MONTCOAL, W.Va. — Rescuers held out slim hope Tuesday that four missing coal miners might have survived when a mine repeatedly cited for improperly venting methane gas exploded, killing 25 people in the country’s deadliest underground disaster in a quarter-century.
A day after the blast in southern West Virginia, desperate rescuers began boring into the mine in hopes of releasing poisonous gases so crews could go in search of the men. But Gov. Joe Manchin said it could be today before much progress is made.
“I don’t want to give anybody any false hope, but by golly, if I’m on that side of the table, and that’s my father or my brother or my uncle or my cousins, I’m going to have hope,” he said.
The missing miners might have been able to reach airtight chambers stocked with food, water and enough oxygen for four days.
On Tuesday, bulldozers carved an access road to make way for drilling crews, who planned to dig four shafts to vent methane, a highly combustible gas that accumulates naturally in coal mines, and carbon monoxide from the blast site about 1,000 feet beneath the surface.
Massey Energy Co., which owns the Upper Big Branch mine, was fined more than $382,000 in the past year for repeated serious violations involving its ventilation plan and equipment.
The company’s chief executive said the mine was not unsafe, but federal regulators planned to review its many violations.
Diana Davis said her husband, Timmy, 51, died in the explosion along with his nephews Josh Napper, 27, and Cory Davis, 20.
The elder Davis’ son, Timmy Jr., described his father as passionate about the outdoors and the mines.
“He loved to work underground,” he said. “He loved that place.”
Two other family members survived the blast, he said.
At the time of the explosion, 61 miners were in the mine, about 30 miles south of Charleston.
“Before you knew it, it was just like your ears stopped up. You couldn’t hear. And the next thing you know, it’s just like you’re just right in the middle of a tornado,” miner Steve Smith, who heard the explosion but was able to escape, told ABC’s “Good Morning America.”
Kevin Stricklin, an administrator for the federal Mine Safety and Health Administration, described how the rescue teams gradually descended through a long, sloping shaft where the miners were operating a huge machine that carves coal from the walls. He said the teams increasingly encountered debris from the mine’s ventilation system and other materials.
Federal officials decided to call off the rescue after high methane readings in the far reaches of the mine.
“The decision was that you can’t risk 40 rescue workers,” said Don Blankenship, chief executive of Massey Energy.
Seven bodies have been recovered and identified. Two miners injured in the blast were being treated at hospitals.

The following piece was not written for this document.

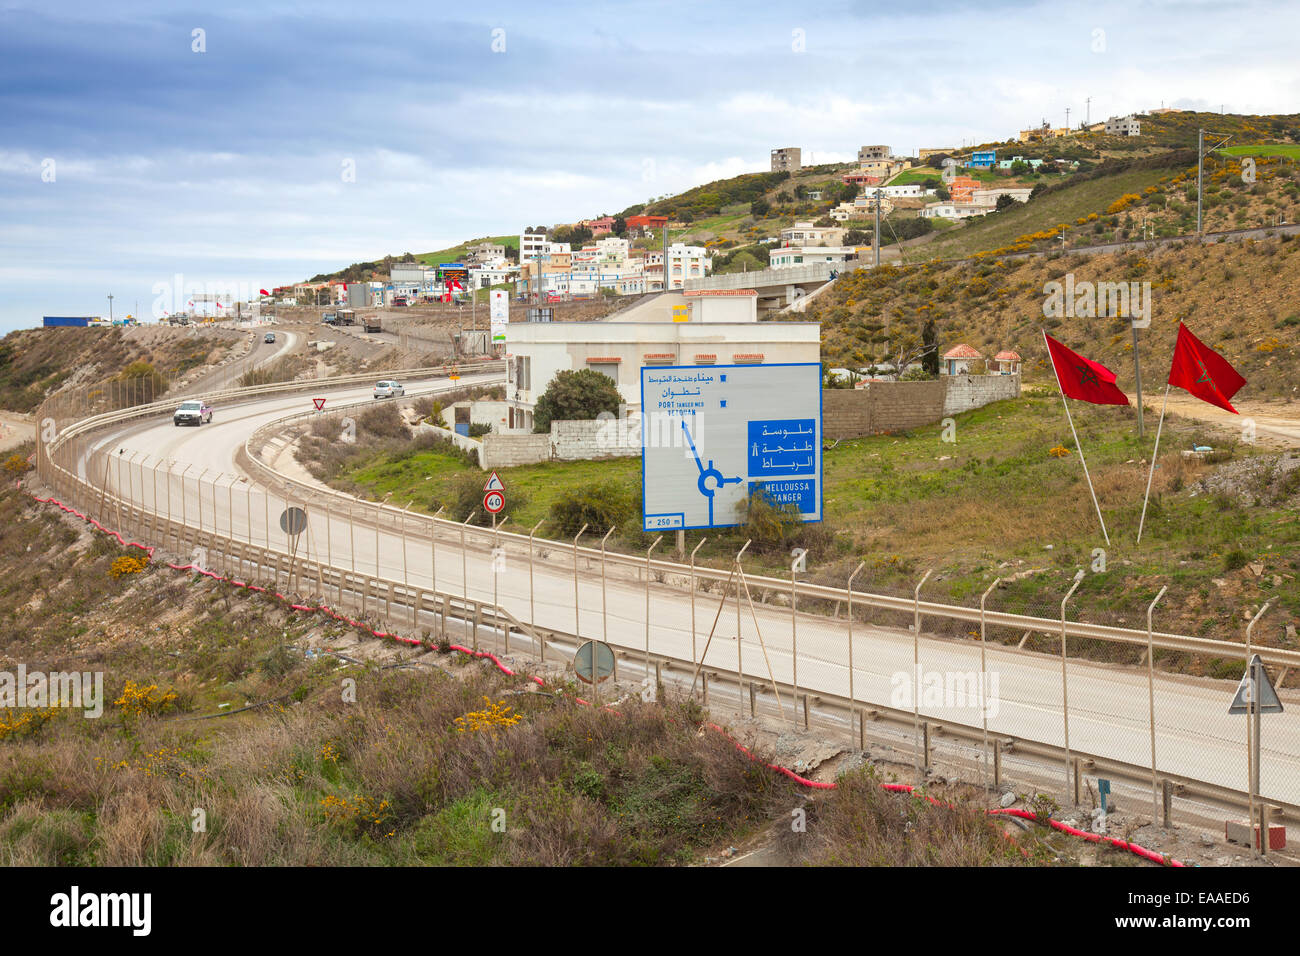 Tangier, Morocco - March 28, 2014: Coastal road from Tangier city to the Tanger-Med 2 new port terminals under construction Stock Photo
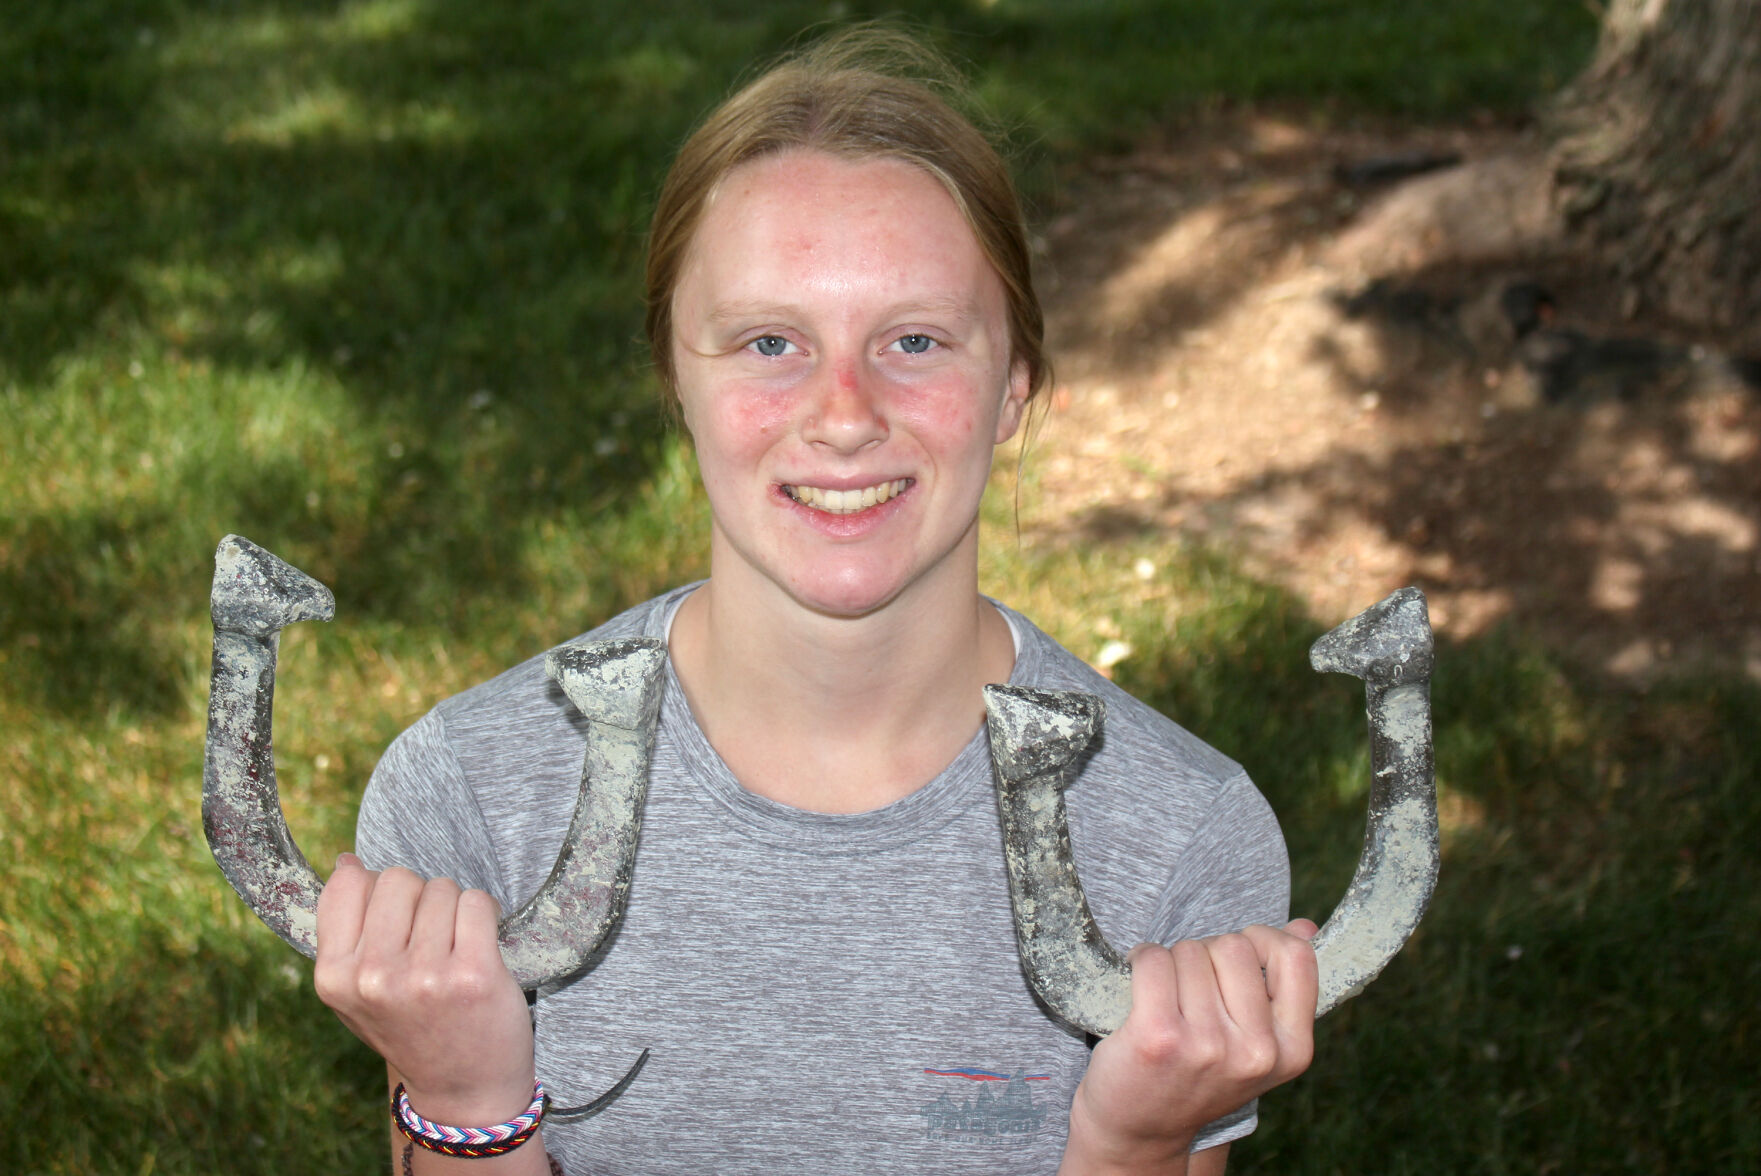 Local Horseshoes How 16-year old Sarah Chaffee has already become a womens world adult horseshoe champ and is aiming to repeat photo

The death toll was the highest in a U.S. mine since 1984, when 27 people died in a fire at Emery Mining Corp.’s mine in Orangeville, Utah. If the four missing bring the total to 29, it would be the most killed in a U.S. coal mine since a 1970 explosion killed 38 at Finley Coal Co. in Hyden, Ky.
Massey Energy, a publicly traded company based in Richmond, Va., ranks among the nation’s top five coal producers and is among the industry’s most profitable. It has 2.2 billion tons of coal reserves in southern West Virginia, eastern Kentucky, southwest Virginia and Tennessee.
Blankenship said the mine was “not thought to be unsafe by the agencies or the company.”